Just like his other previous works in documentary (Jesus, You Know) and fiction (Dog Days), Love is an infuriating film; whereby we have no idea where the story is going, and seemingly Seidl doesn't have a clue either. Shot in his trademark static mid shots, with copious amounts of skin on show, it's paradoxically beautiful and grotesque. Like a Lucian Freud painting with just as much of his grandfather's' psychoanalytical subtext, to boot.

Margarete Tiesel plays Teresa, a middle aged single parent living in drab suburban Vienna. The first scene sees her smiling from a distance as she watches a class of disabled children fumble-play on a bumper car track. It's a harrowing, typically nasty opening, and really sets the film off in mean spirited territory, with Seidl doing his token unflinching exploitation gimmick.

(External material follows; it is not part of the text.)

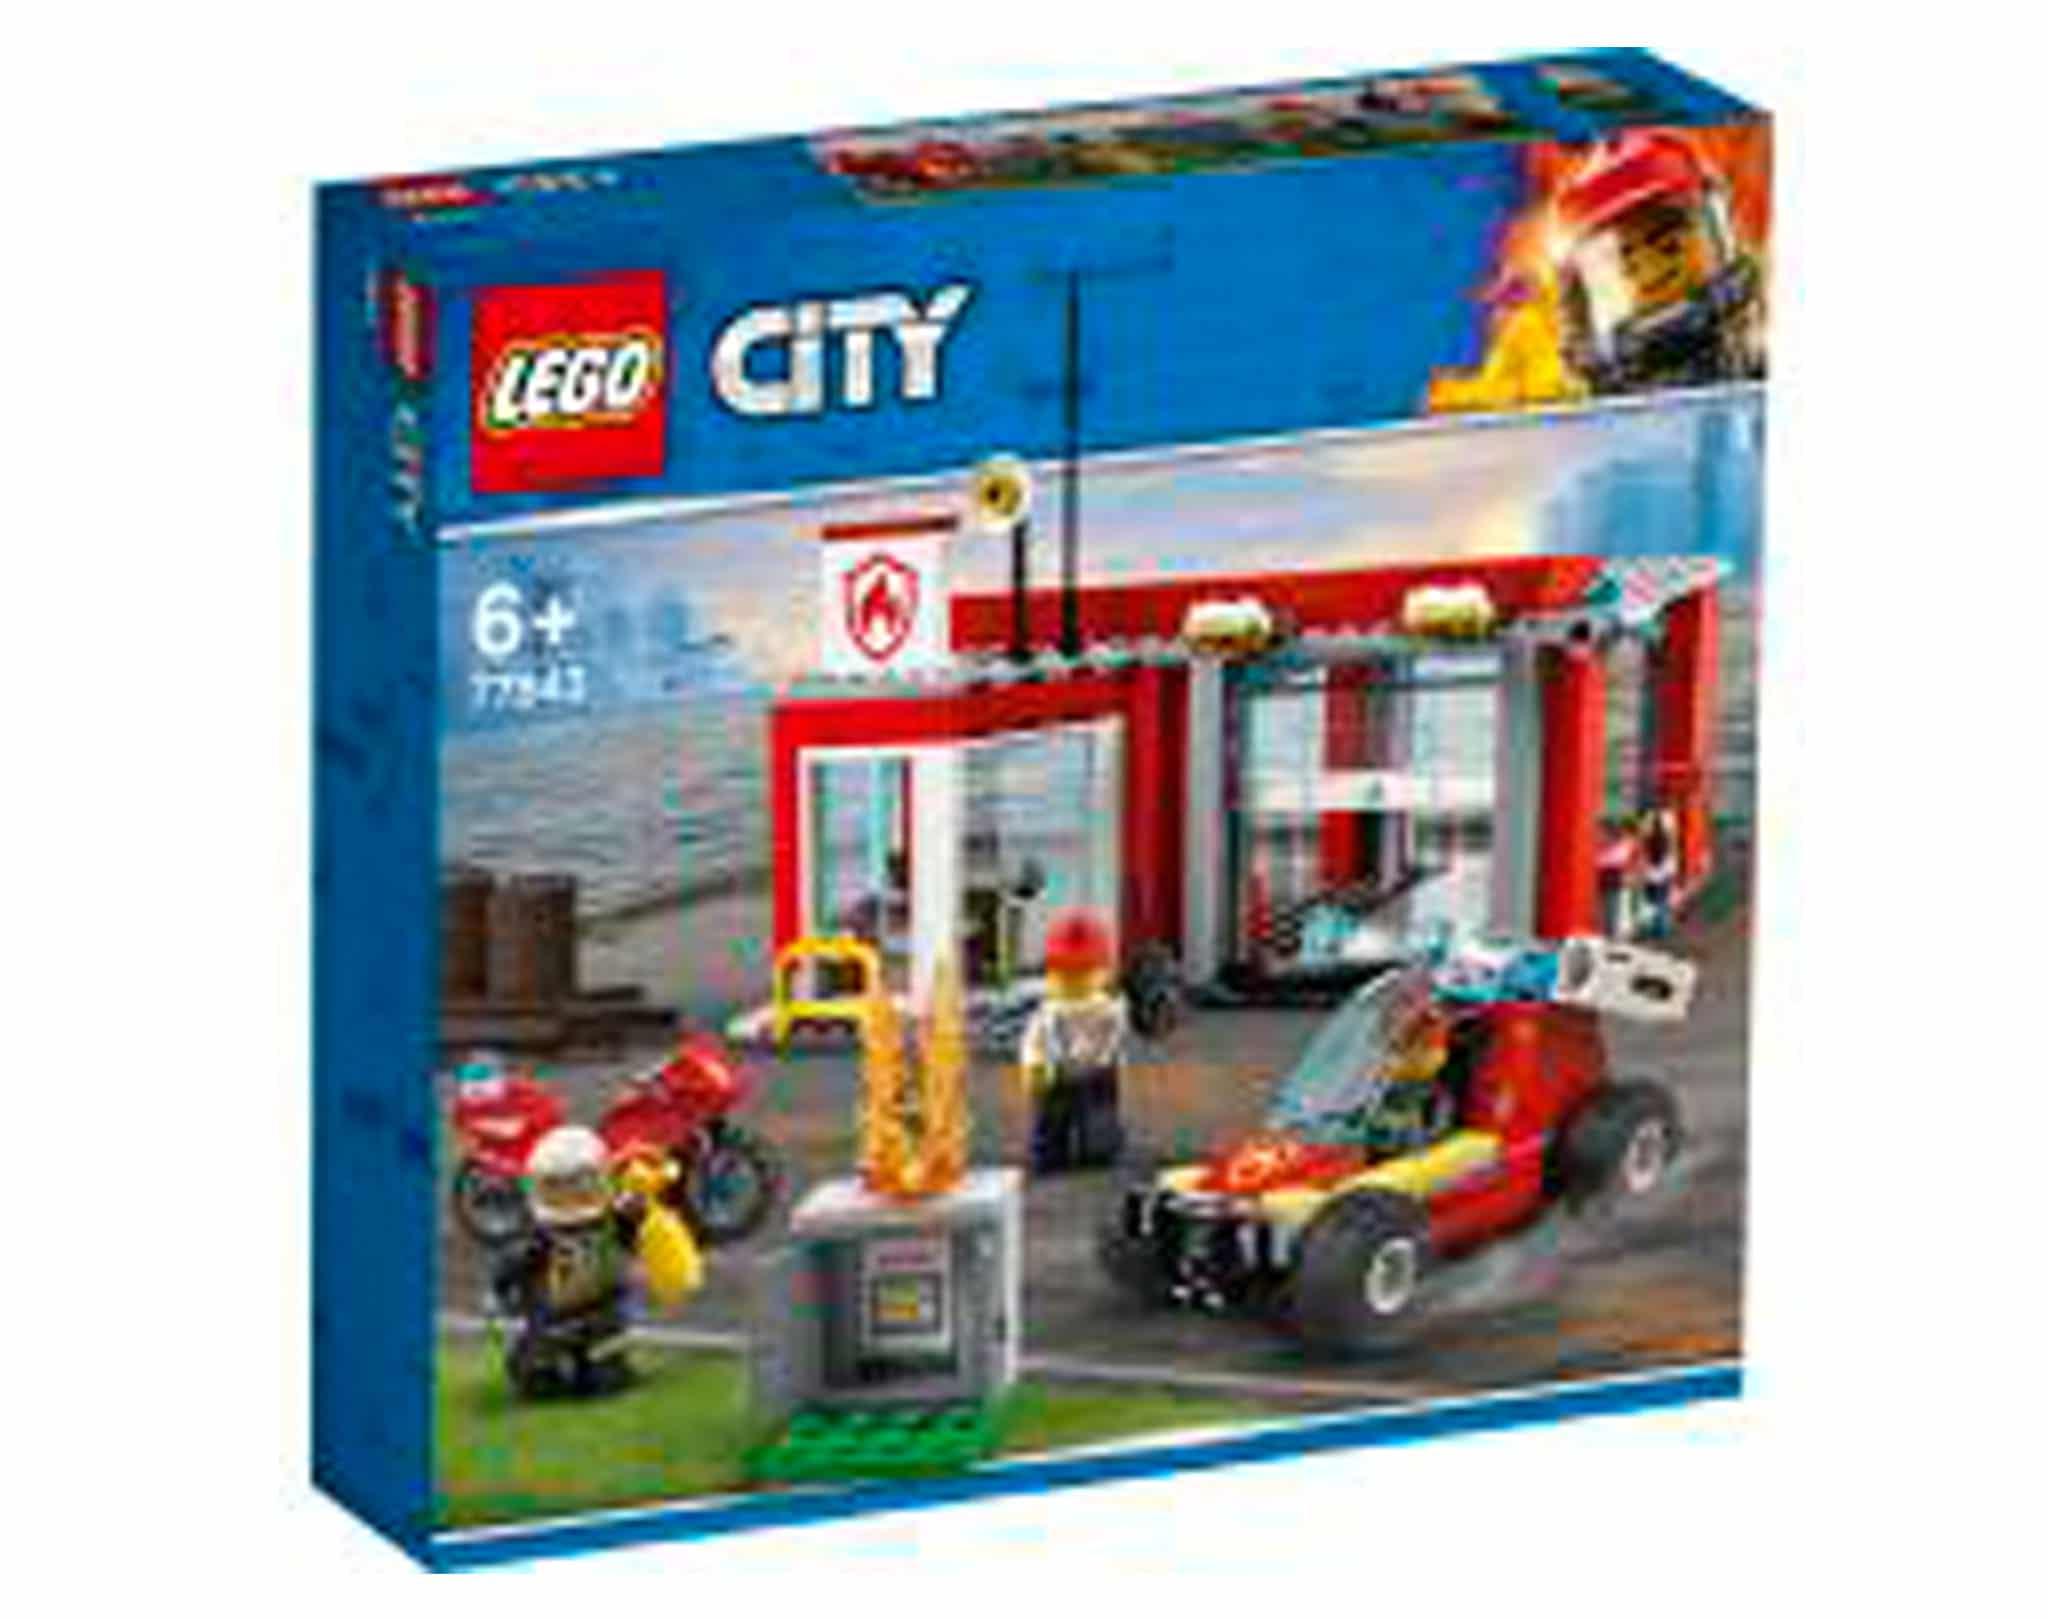 LEGO City 77943 Feuerwache Starterset

From here, Teresa decides to leave her daughter behind at fat camp and flee to Kenya for a paradisiac holiday. Meeting up with her Austrian expat friend (Inge Maux), the pair talk in typically colonialist terms about African culture and black men's genitalia. Later, on her own, she's constantly harangued by the pushy salesmen on the beachfront, trying to sell her homemade necklaces and pearls at tourist prices. Although she's reluctant to purchase their crap, she willingly buys into the perilous sex tourism trade, first as a customer, and later as one of it's scammed victims. Bleak in tone, yet idyllically colourful in palette, the proceeding 90 minutes follows a series of degradations Teresa must go through in her troubled pursuit for paradise.

Similarly to his other work, flesh and body politics play a central role to the narrative, character dynamics and control of the movie. Wandering around in flip flops and skimpy bathing suits, Teresa's slightly rotund exterior is used to exaggerate the character's wealth, decadence and presumed dominance over the comparatively slight, underfed and suffering Kenyans. It's a sentiment made painfully clear in one scene where Teresa partakes in an orgy of sorts where three other overweight German/Austrian women force a lean black Kenyan man to perform for their pleasure, and much to his embarrassment.

Whilst this may be the most palatable of Seidl's fiction films, it's certainly not an easy watch. At an excessive two hours, he wallows for too long in the audiences' discomfort without ever given us a worthwhile pay-off. Whilst the landscape is filmed beautifully by regular cinematographer Wolfgang Thaler, this bastardised version of Shirley Valentine is a pretty loveless film experience.